▶ **Data under study**:
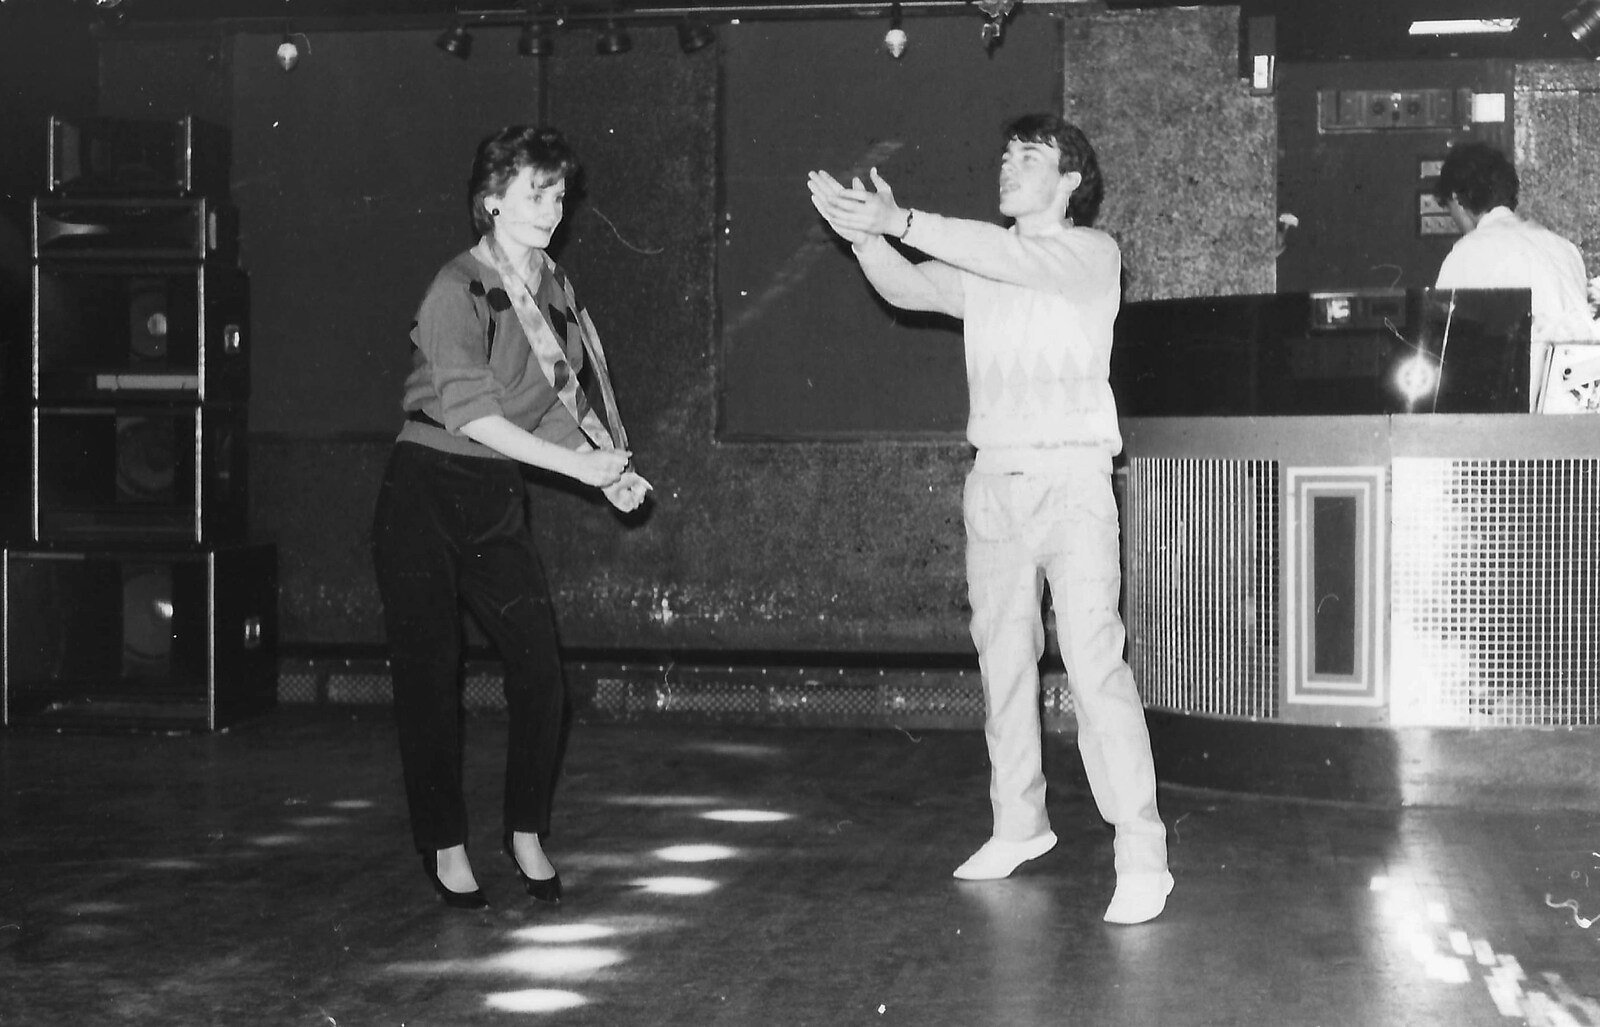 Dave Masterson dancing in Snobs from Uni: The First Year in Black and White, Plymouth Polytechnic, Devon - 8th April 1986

* * *

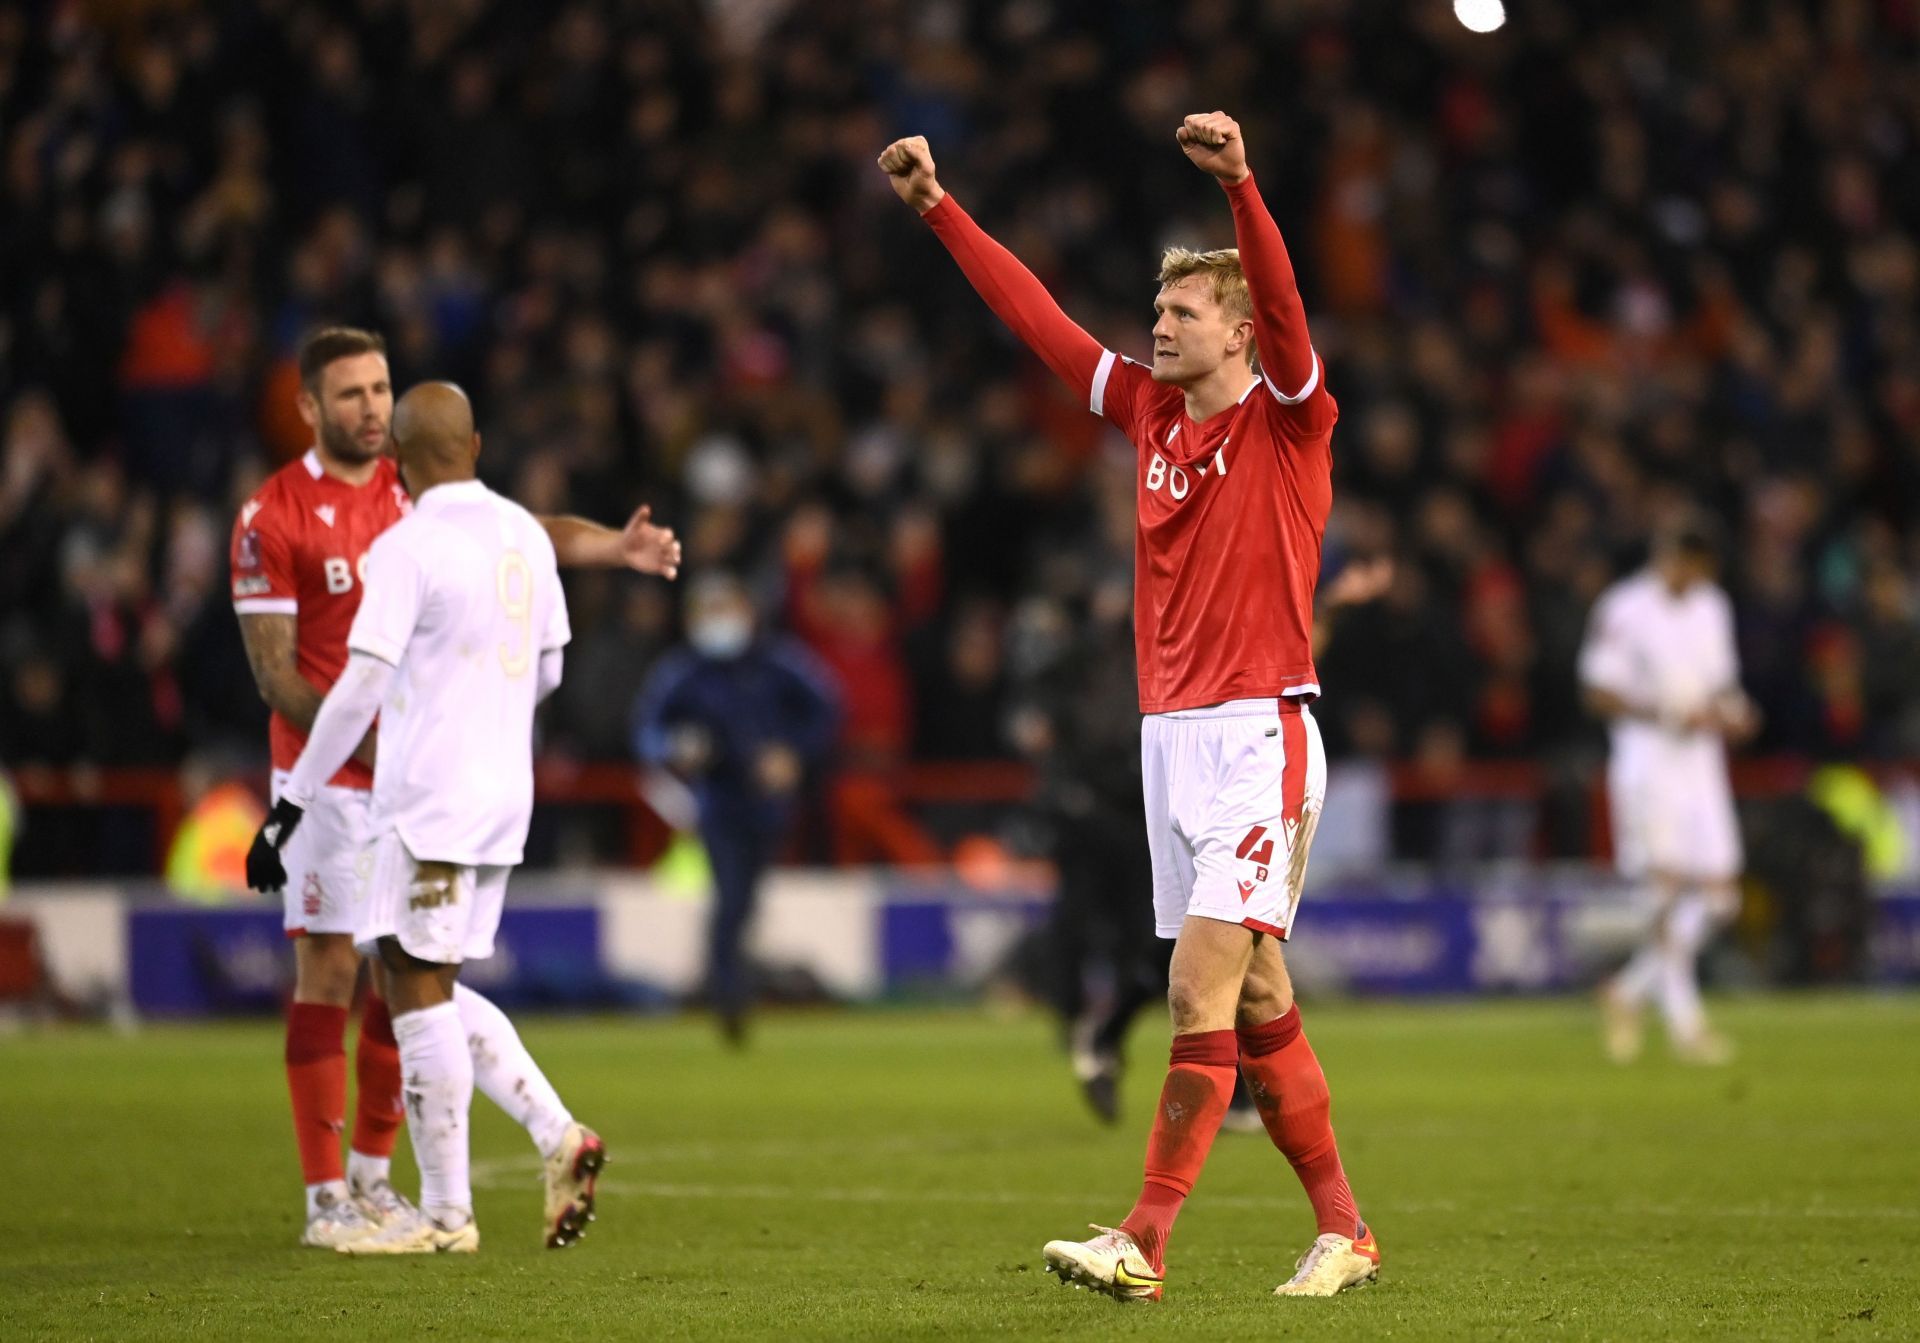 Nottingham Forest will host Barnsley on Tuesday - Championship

---

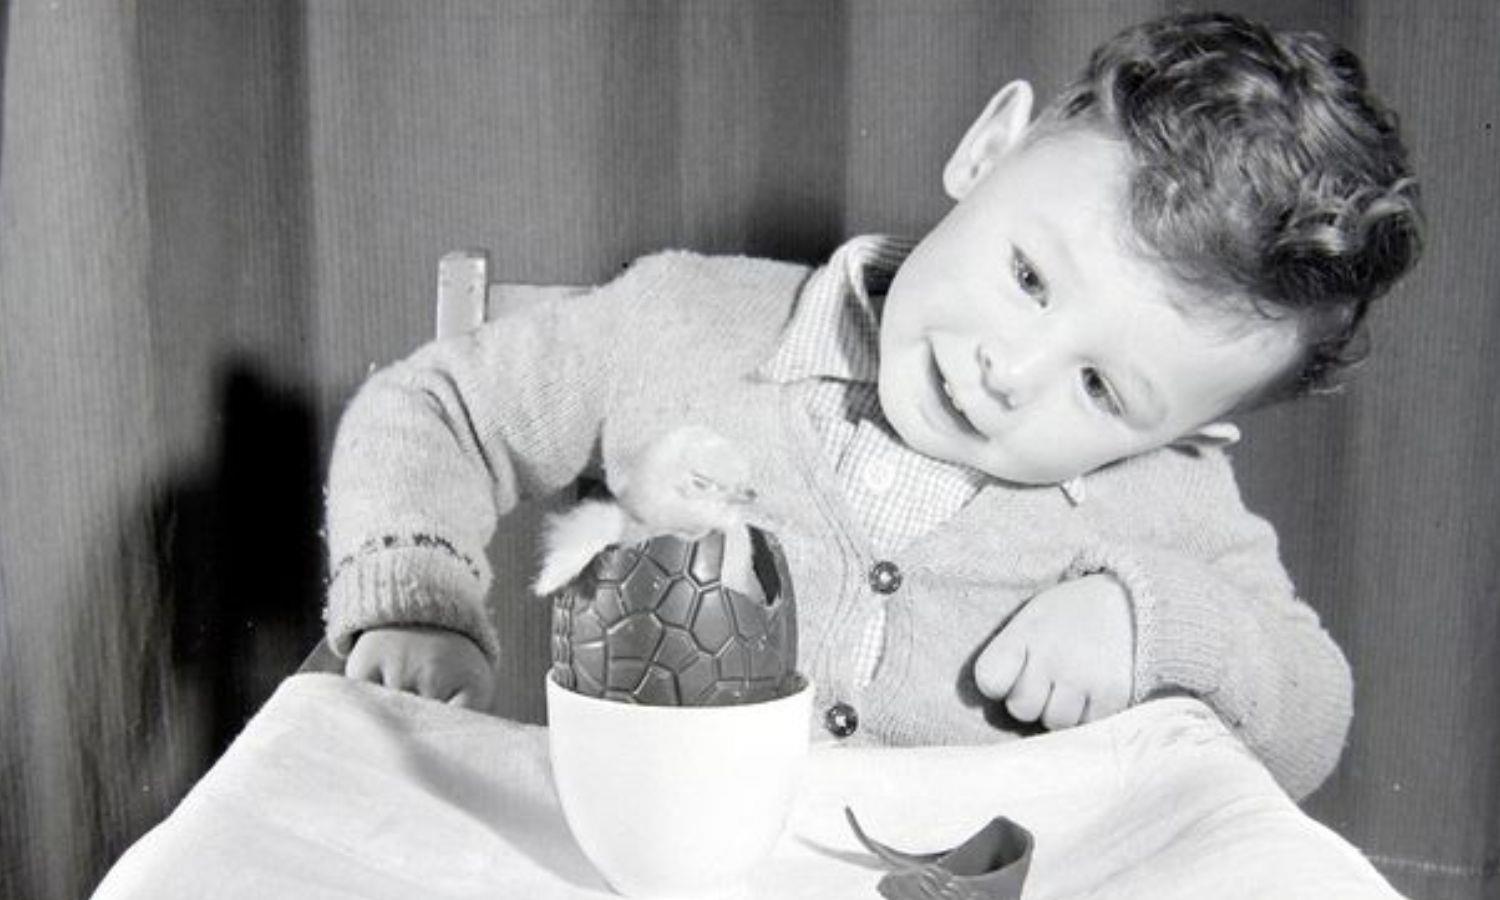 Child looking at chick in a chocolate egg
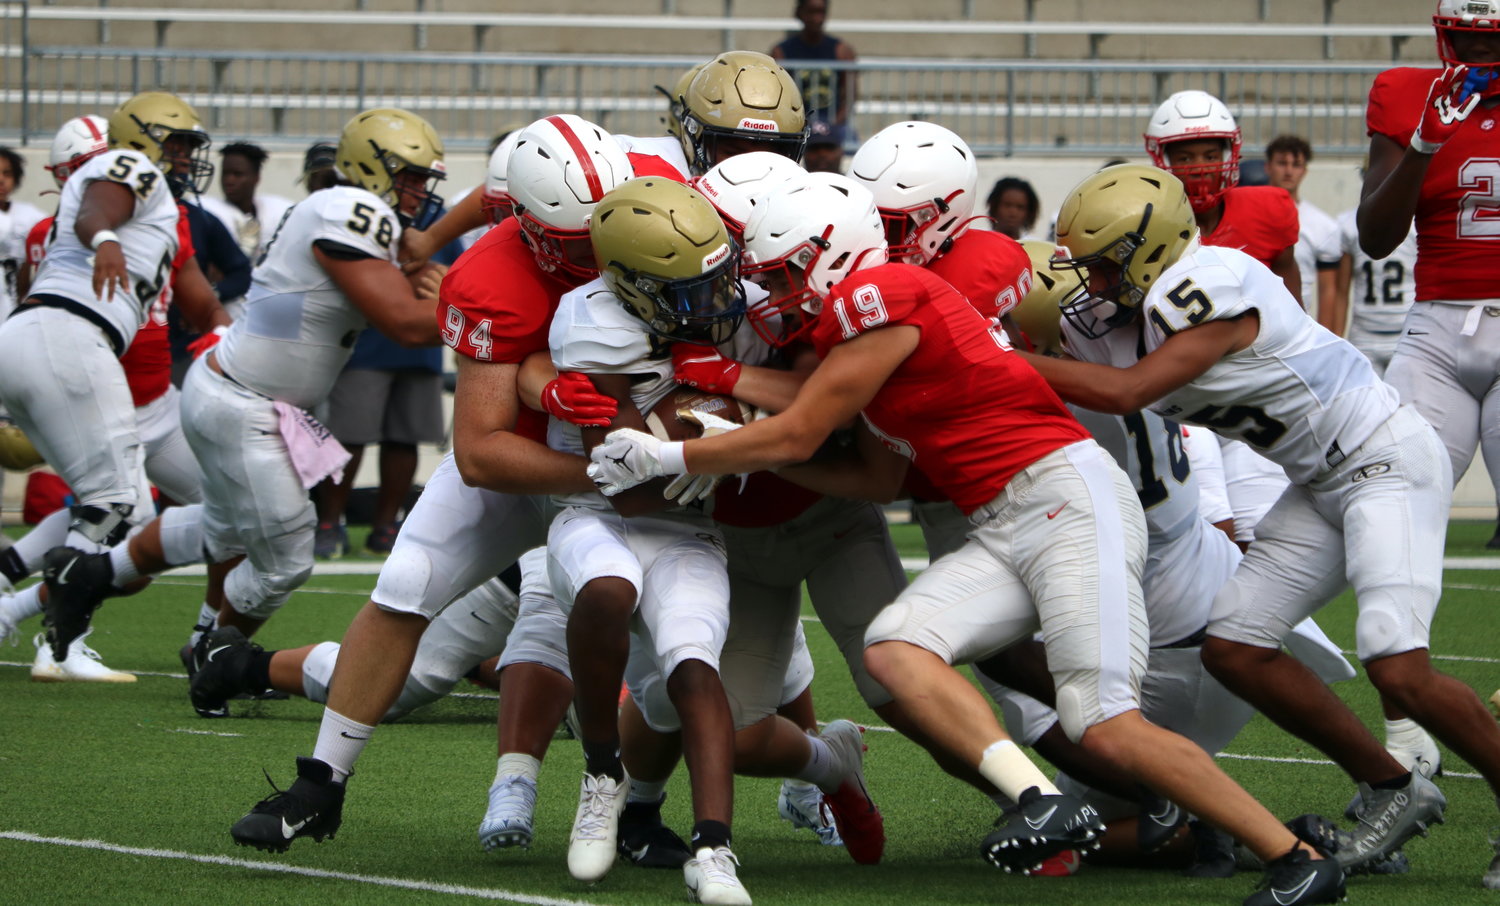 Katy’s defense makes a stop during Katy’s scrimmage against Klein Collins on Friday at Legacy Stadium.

▶ **Your task**:
In the listing above, find the line containing "Child looking at chick in a chocolate egg" and the line containing "Katy’s defense makes". Reproduce those lines and all between them exactly, with no pictures and nothing more.

▶ **Answer to this task**:
 Child looking at chick in a chocolate egg
 Katy’s defense makes a stop during Katy’s scrimmage against Klein Collins on Friday at Legacy Stadium.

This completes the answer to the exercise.